I might be wrong on this, but I suspect that anybody who listens to music for a living sees the way they relate to that music change. Or perhaps they just come to recognise more clearly the things that they wanted from music all along. They become ruthless about what it’s for: to soundtrack certain tasks; to encourage or dispel certain moods; to fill a space, or to evoke another one. Often it’s needed to help shape a certain image of ourselves – to help us perform one of our various personalities in a convincing way. After all, why do we listen to sad music when we’re sad, if not to make the sadness feel more plausible?

Dunn, a Canadian composer, belongs to a lineage of musicians who try to elevate the mundane to the realms of the profound. Embarking on a day’s work with his glimmering music spilling out of the speakers echoes the peculiar romanticism that comes with being pissed, in which there seems to be an exquisite poetry behind everything, if you were only sober enough to work it out. I’m reminded of that tired old injunction to “make your life a work of art”. Or, cheesier still, Bryan Adams’ ’91 blub-a-thon ‘(Everything I Do) I Do It For You’, a song which played incessantly on car journeys for the duration of my first incapacitating schoolboy crush. Both instruct us to refract life through the lens of an imagined observer. It’s a pointless gesture, but one which lends a kind of meaning to things, if we’re willing to indulge it.
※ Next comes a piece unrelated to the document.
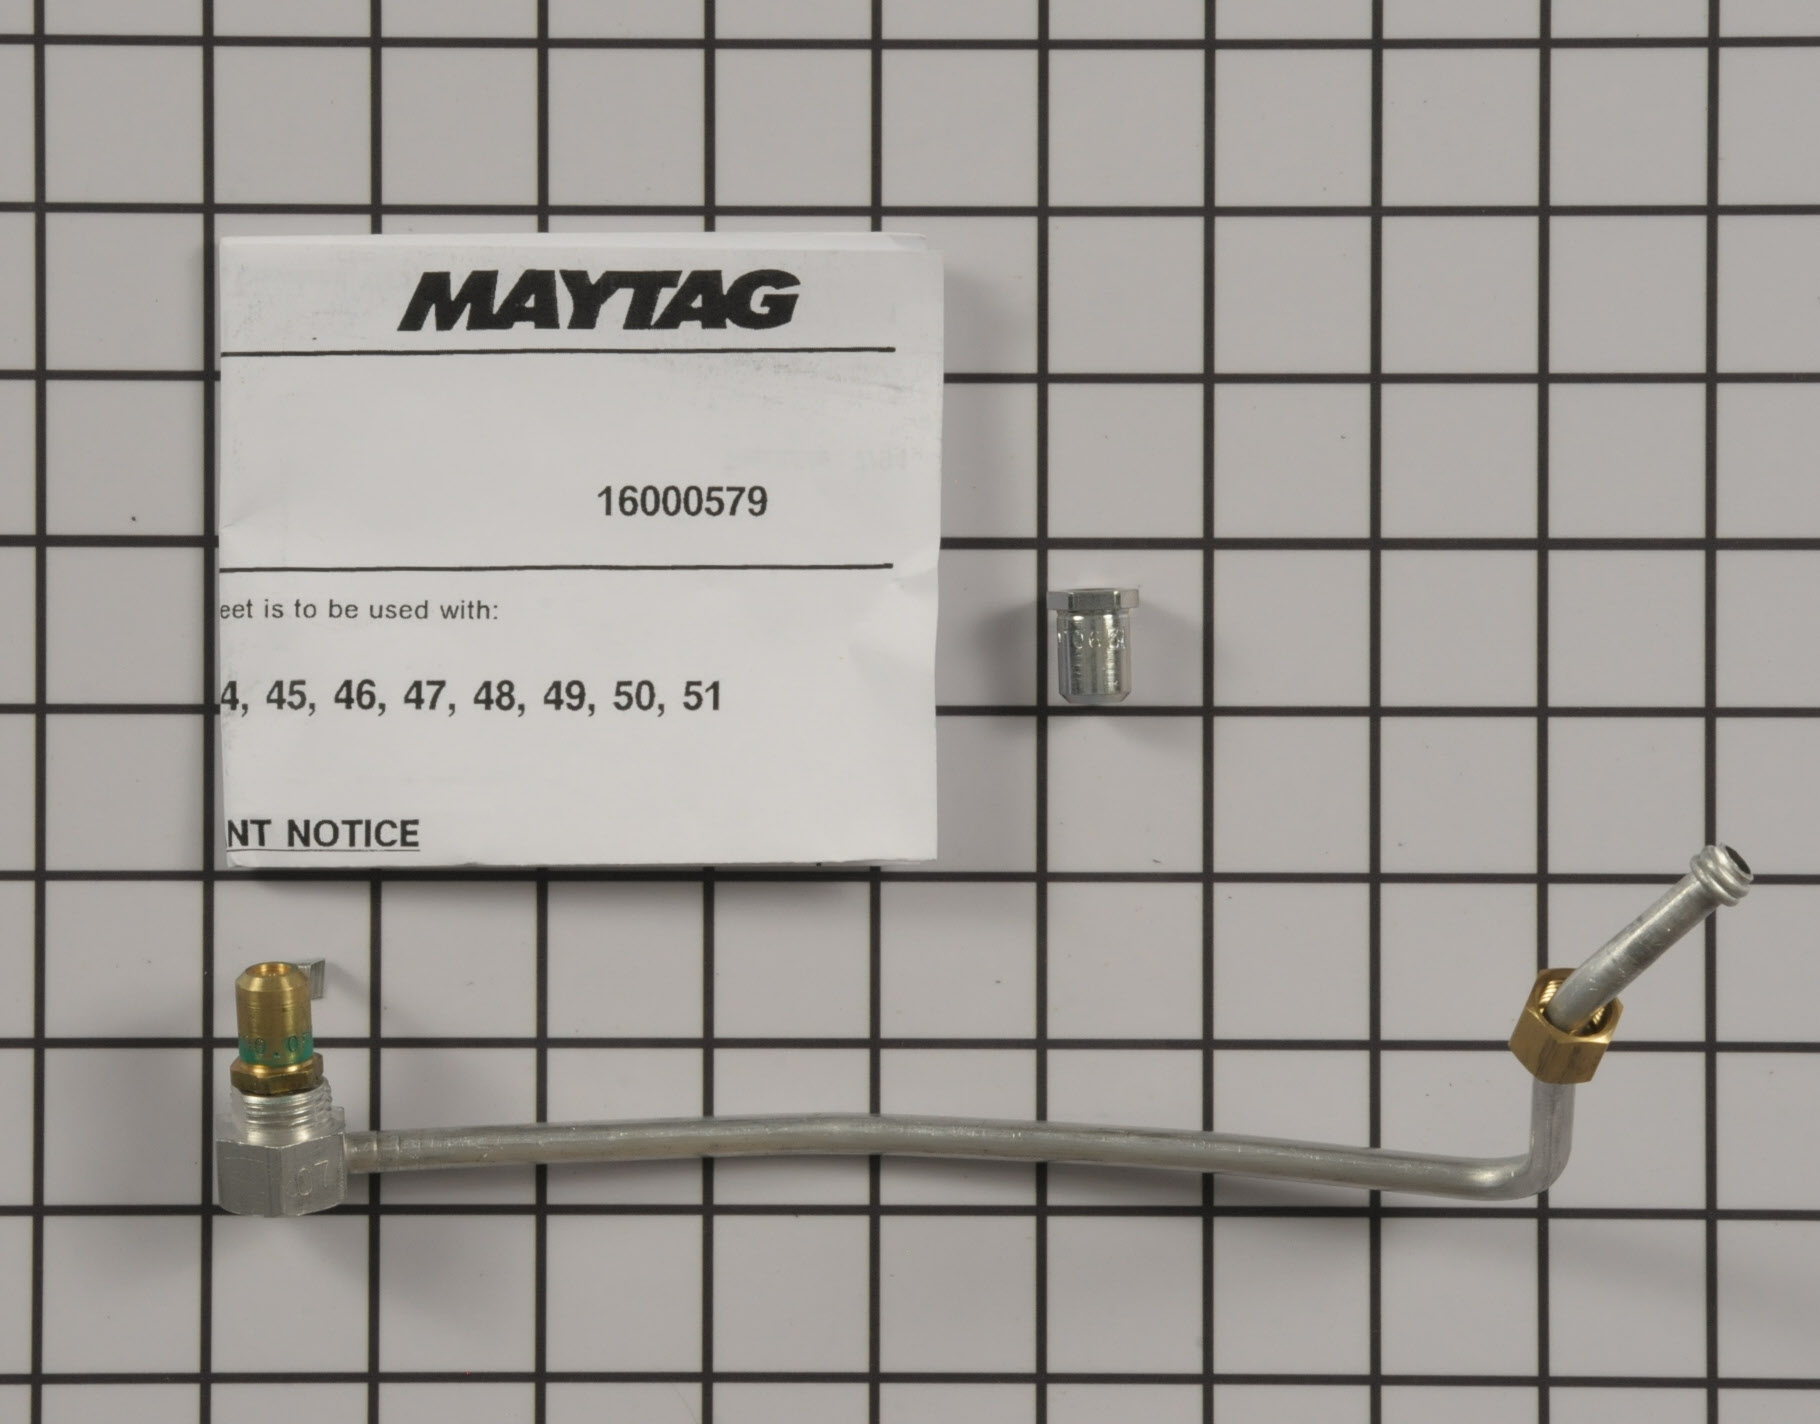 Maytag Range/Stove/Oven Part # 12200047 - Surface Burner Orifice Holder

Kyle Bobby Dunn indulges it wholeheartedly, and at the same time he doesn’t. He creates gorgeous, elliptical clouds of sound, choirs of sustained guitar notes shorn of earthly referent, and then he calls them ‘Variation On A Theme By St. Dipshit’, or ‘Boring Foothills of Foot Fetishville’. He makes albums whose unbroken tranquility seems to demand reverence and contemplation, and then gives them parodic titles like Bring Me The Head Of Kyle Bobby Dunn, as if to mock his attempts to position himself as a serious artist. (In the case of this album, the reference is to those masters of juvenile angst, the Smashing Pumpkins). Dunn sniggers at his art, even as he treats it with heartbreaking seriousness.

We can probably all identify with this tendency to a degree. It’s the curse of self-awareness that even as a thing is being “authentically” done we are also standing outside of it, observing. But Dunn’s approach chimes particularly with me as a critic, as I imagine it might with anybody whose job it is to articulate and assess affect – to take gut-feeling and stick a set of adjectives on it, or a star rating. Having a relationship with music which goes way beyond leisure means constantly testing your own convictions. When fatigue sets in, is your instinct, your kneejerk sense of what is “beautiful”, the only truly trustworthy measure you have? Or is it the most treacherous, a knot of assumptions and un-assessed prejudices which needs to be unpicked? This is an internal debate which can rage back and forth indefinitely.

Dunn’s music repeats itself. He works in cycles, clusters of tones which drift by according to a glacial, recurring logic. As an album, too, The Infinite Sadness induces perpetual deja vu: once you know it intimately you become convinced that the track just starting was playing not five minutes ago. (Or perhaps it was a few hours ago, the last time you listened through). On a macro level, Dunn’s output might be seen to develop hardly at all, beyond certain details of execution. What’s new, really, between A Young Person’s Guide To Kyle Bobby Dunn, recorded in 2009, and now? It’s enough to make you wonder how a person can sit at their desk and do the same thing for years on end. (Or, if you’re reading this on a break from your desk job, perhaps not).

But Dunn’s music doesn’t make any claims to newness or variety, nor should it. The ambient tradition to which it belongs is mostly unconcerned with “progression” or “innovation”, or participation in some petty aesthetic discourse. It’s about either vastly more prosaic things – context, usage, gut-feeling – or vastly more profound ones: love, loss, the infinite. Half the time I think it’s one, and then half the time the other – round and round, endlessly.